**Exercise:**
Nothing outside the range is to be copied. From the entries below, reproduce exactly the lines starting at the one with "design amipublicfo Gallery" and ending at the one with "感動バラード・企業VP/CM・バイオリンの再生済みの波形", without pictures.

**Source information:**
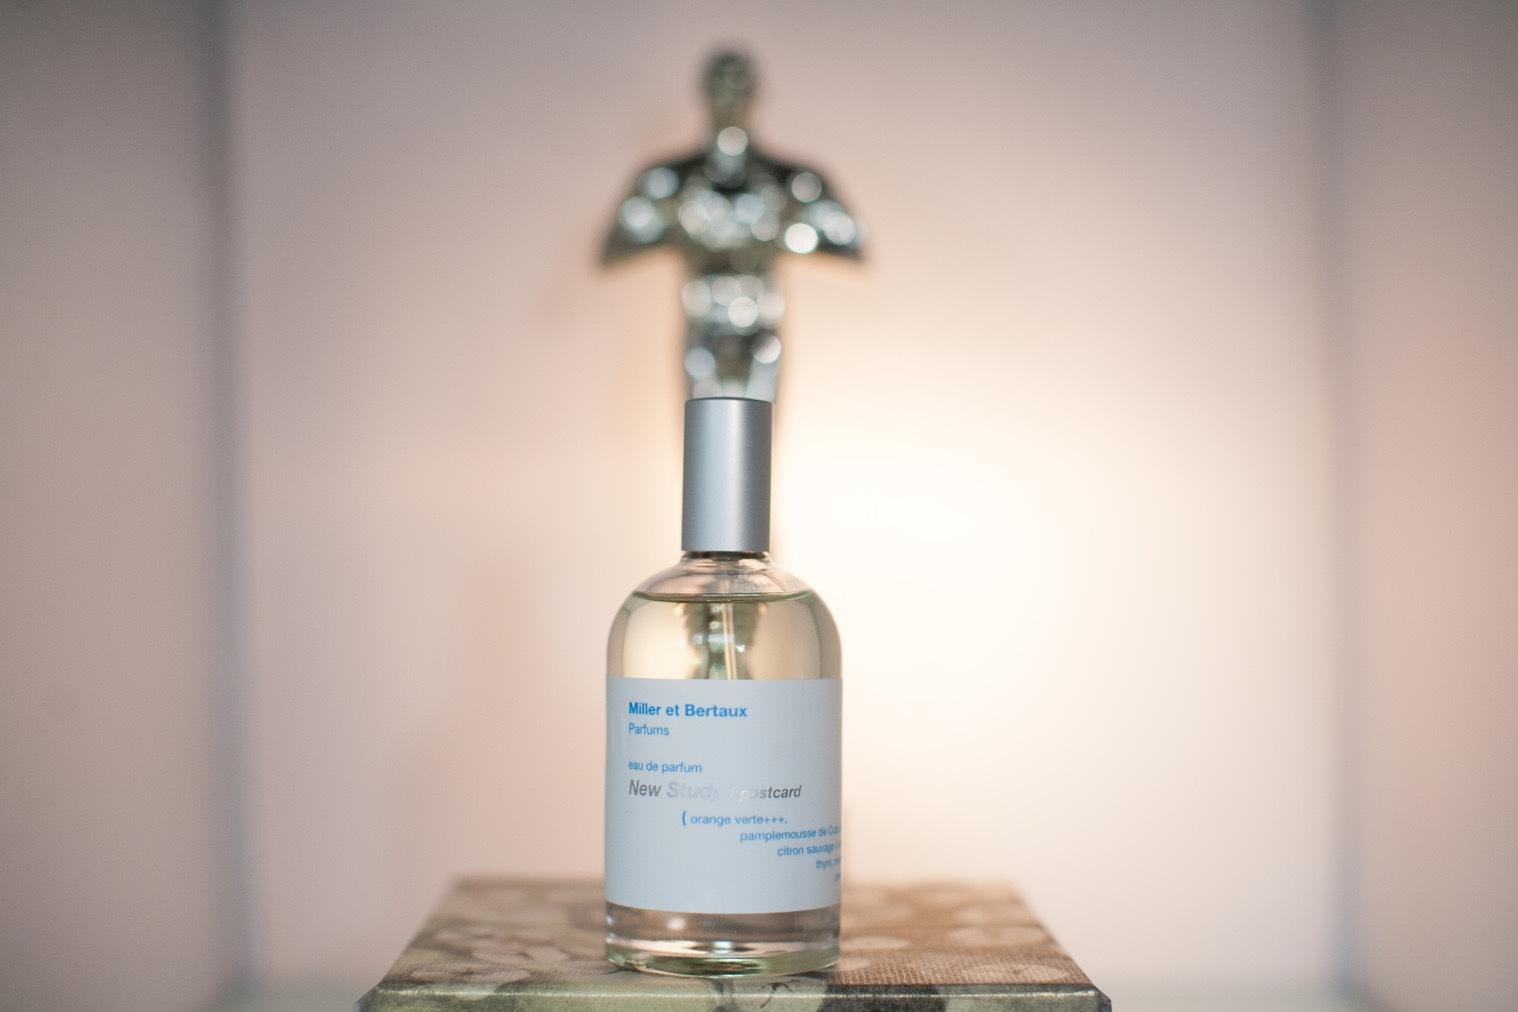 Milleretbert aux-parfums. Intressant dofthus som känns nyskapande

* * *

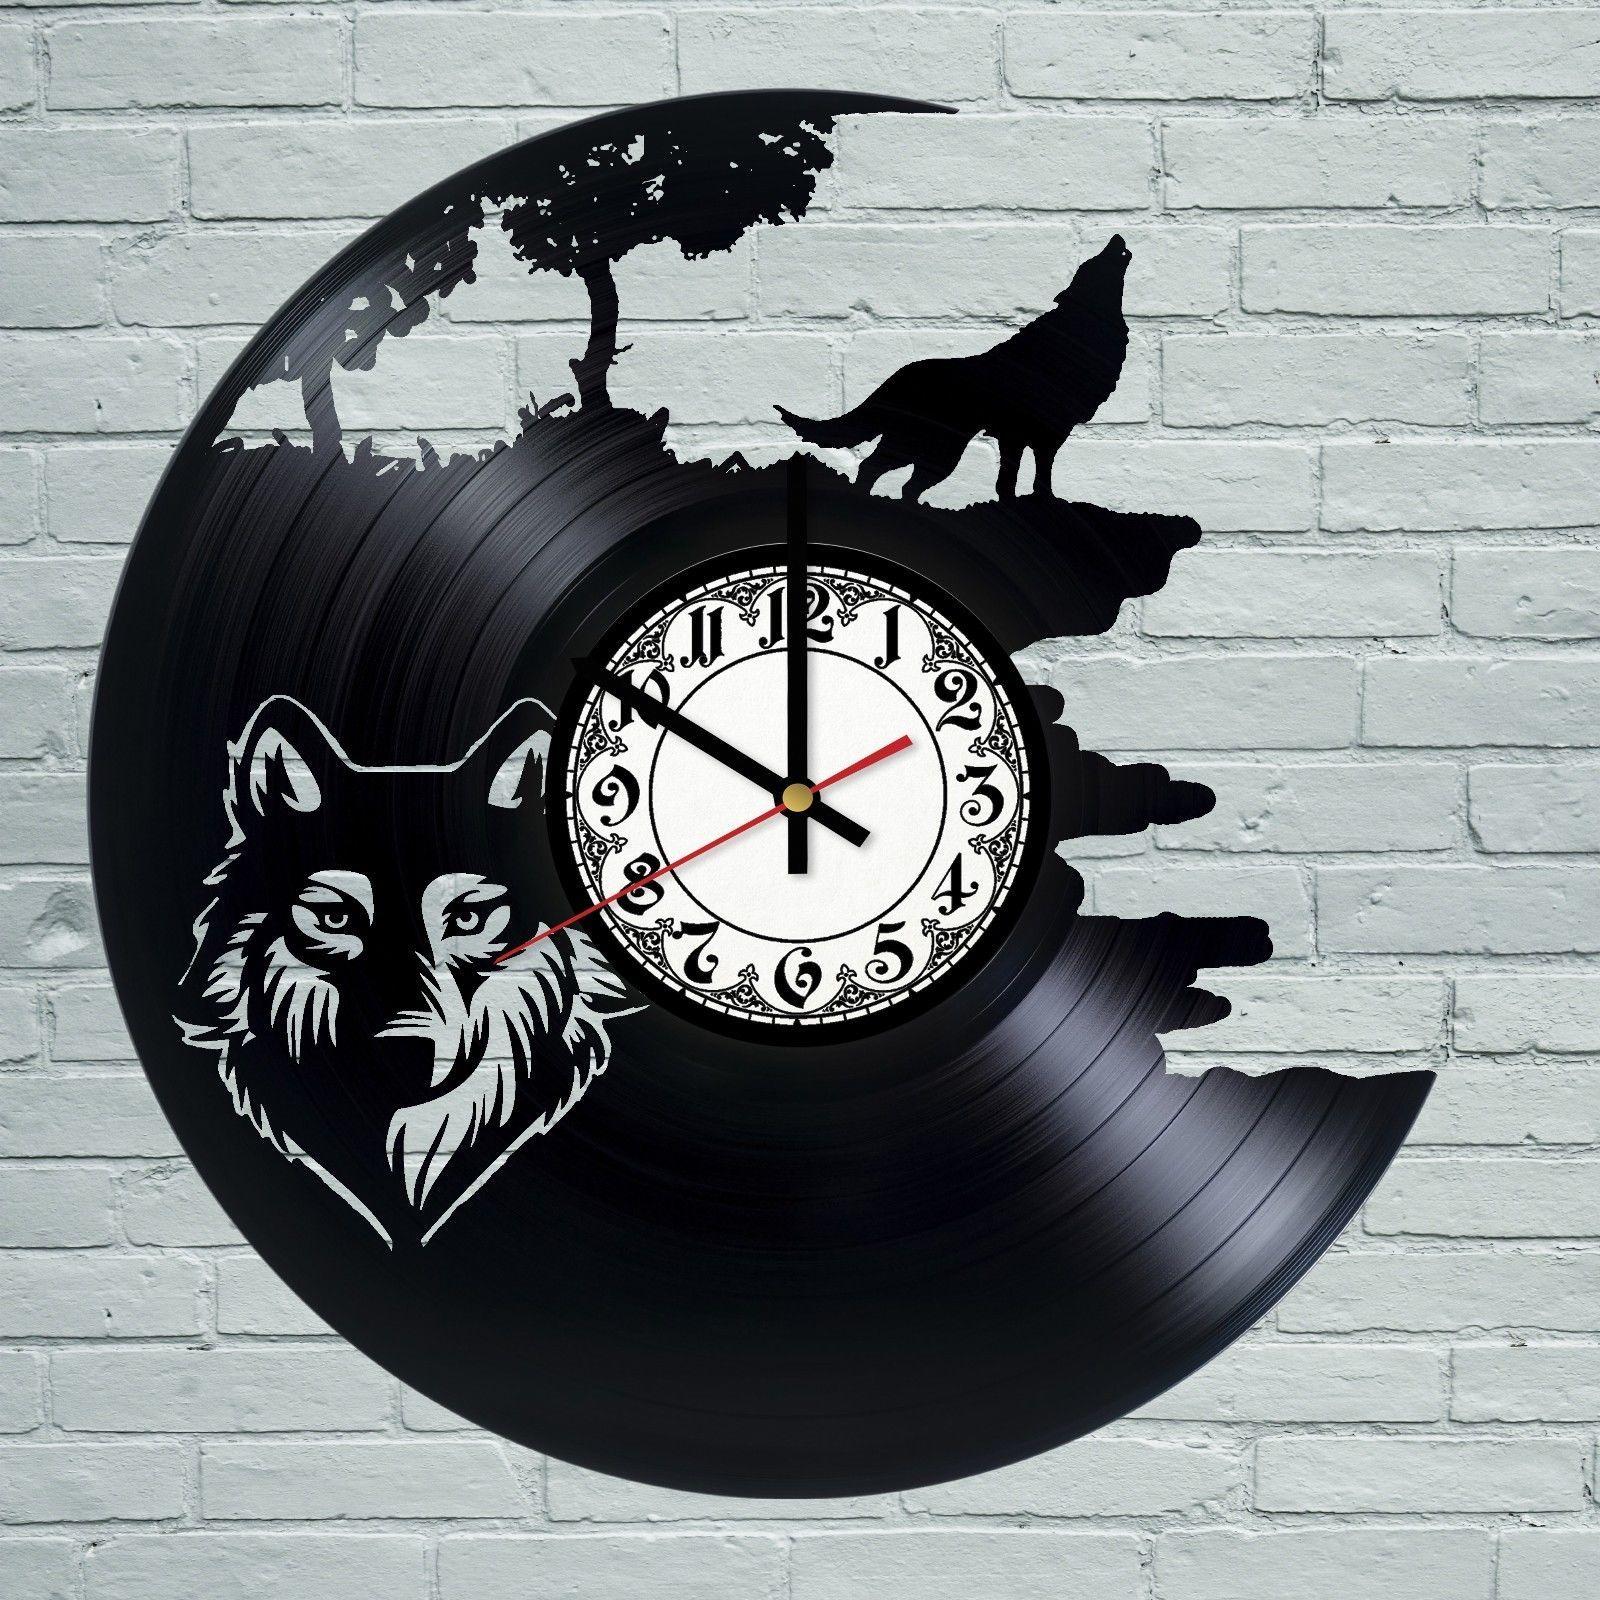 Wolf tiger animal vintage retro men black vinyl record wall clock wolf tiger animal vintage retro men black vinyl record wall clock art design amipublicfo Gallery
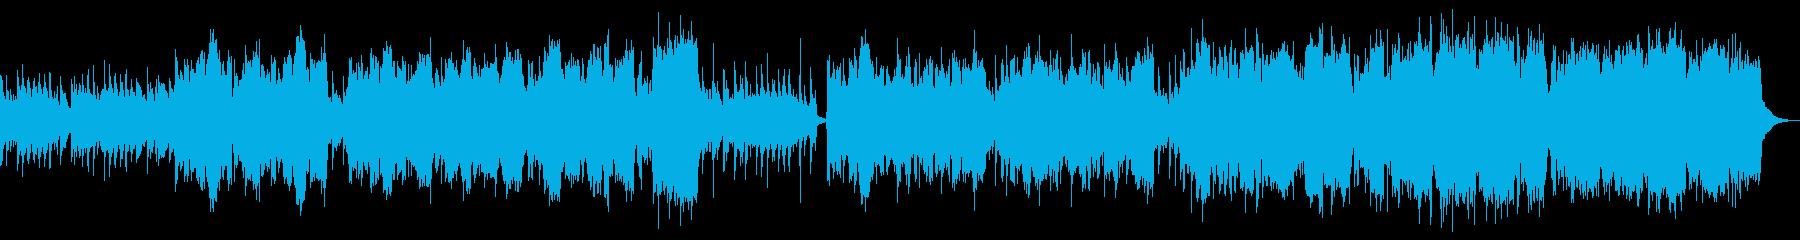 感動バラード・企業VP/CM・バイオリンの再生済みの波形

...

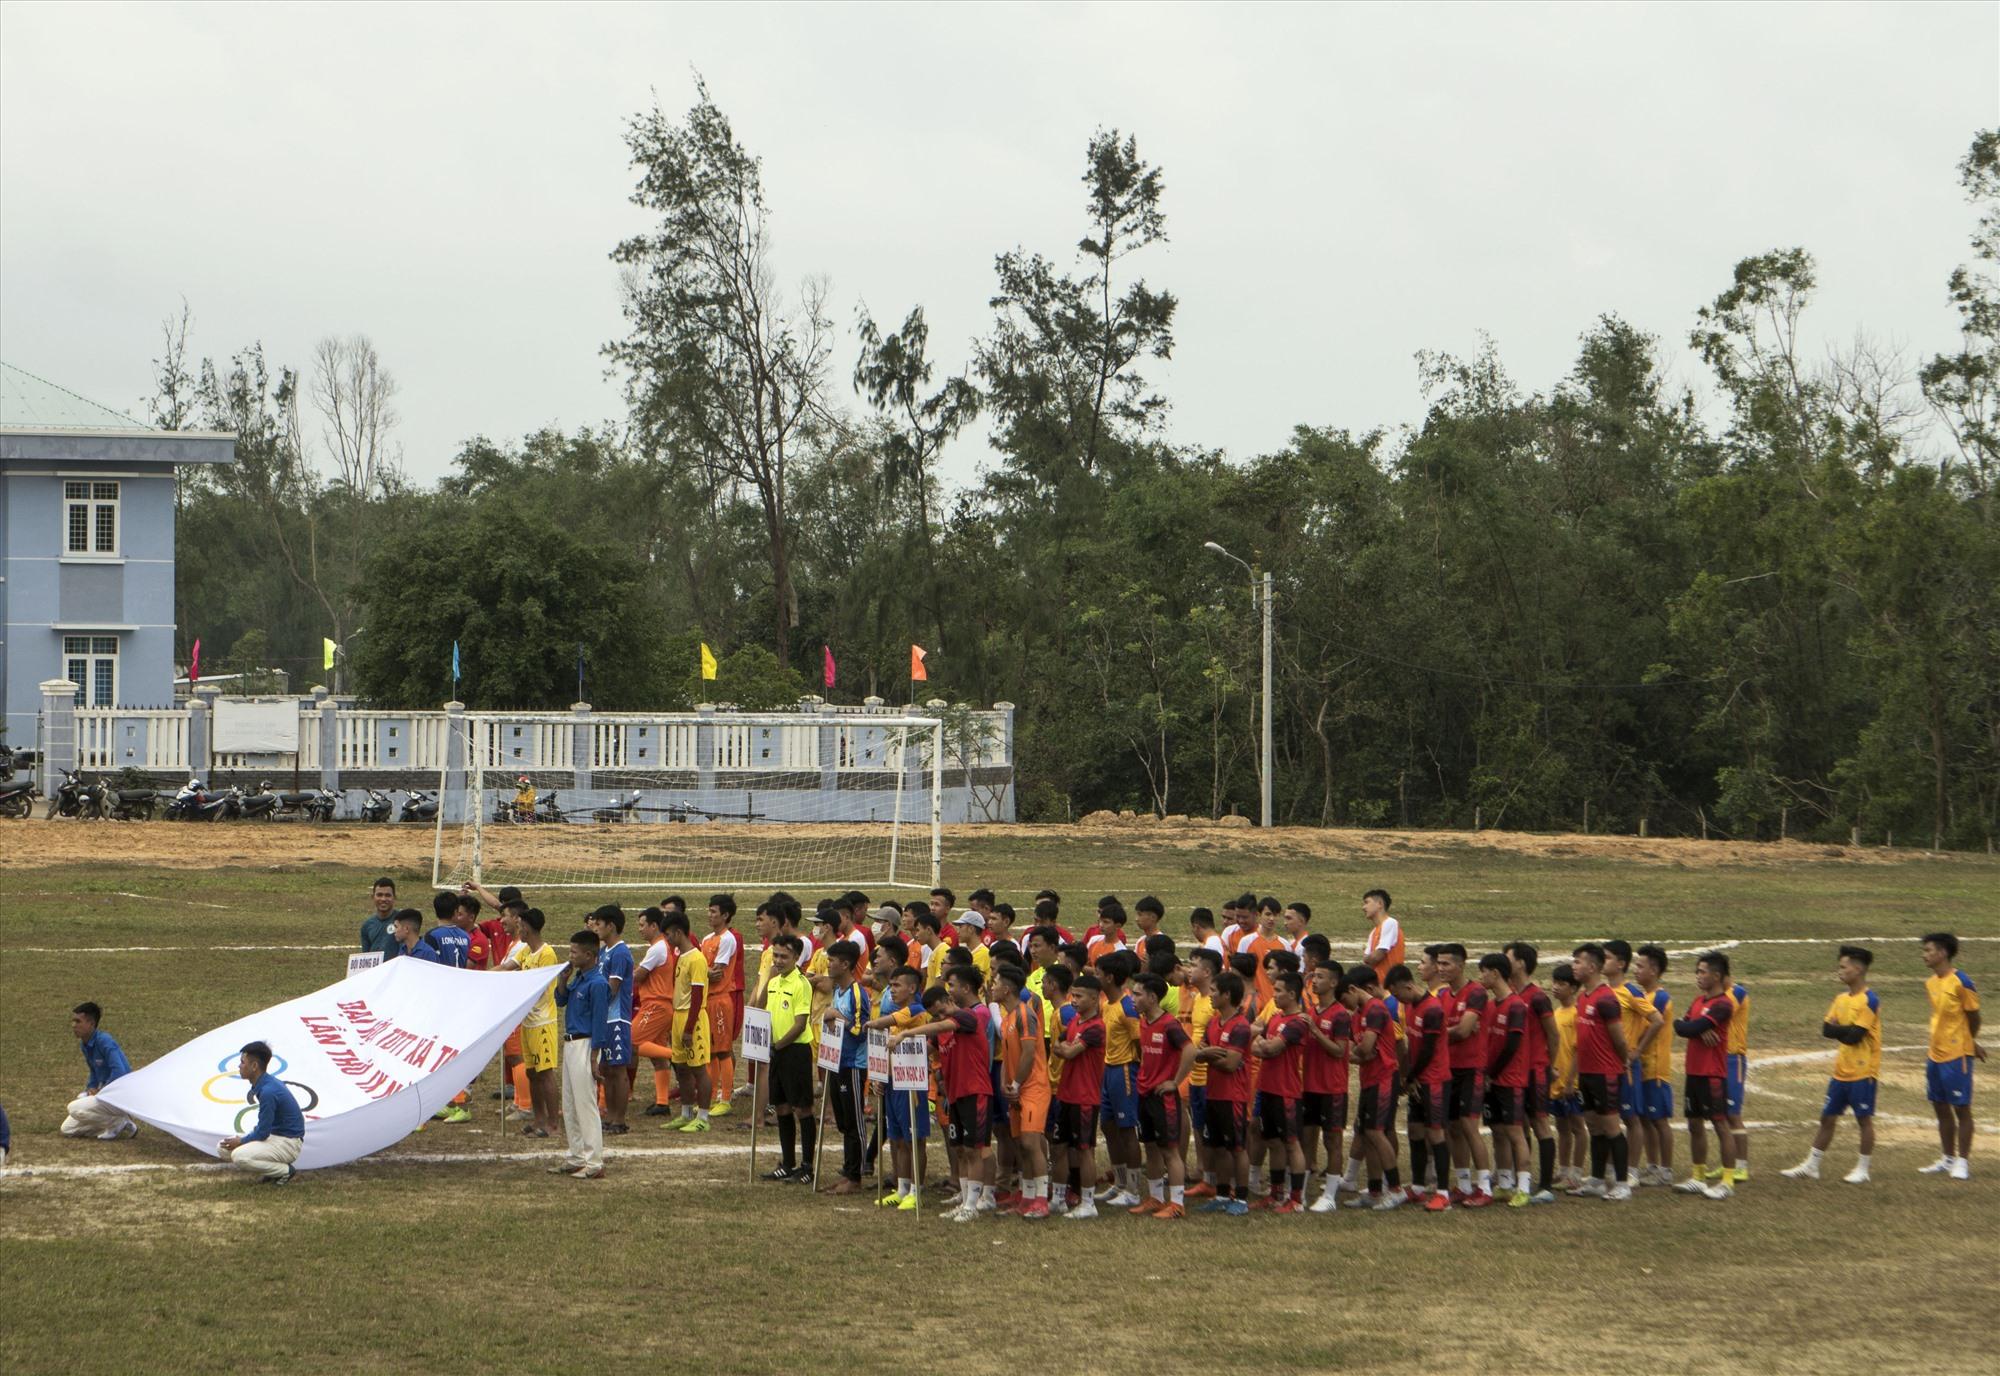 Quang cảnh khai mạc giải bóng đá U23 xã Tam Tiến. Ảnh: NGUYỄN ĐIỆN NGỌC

**Answer section:**
 Wolf tiger animal vintage retro men black vinyl record wall clock wolf tiger animal vintage retro men black vinyl record wall clock art design amipublicfo Gallery
 感動バラード・企業VP/CM・バイオリンの再生済みの波形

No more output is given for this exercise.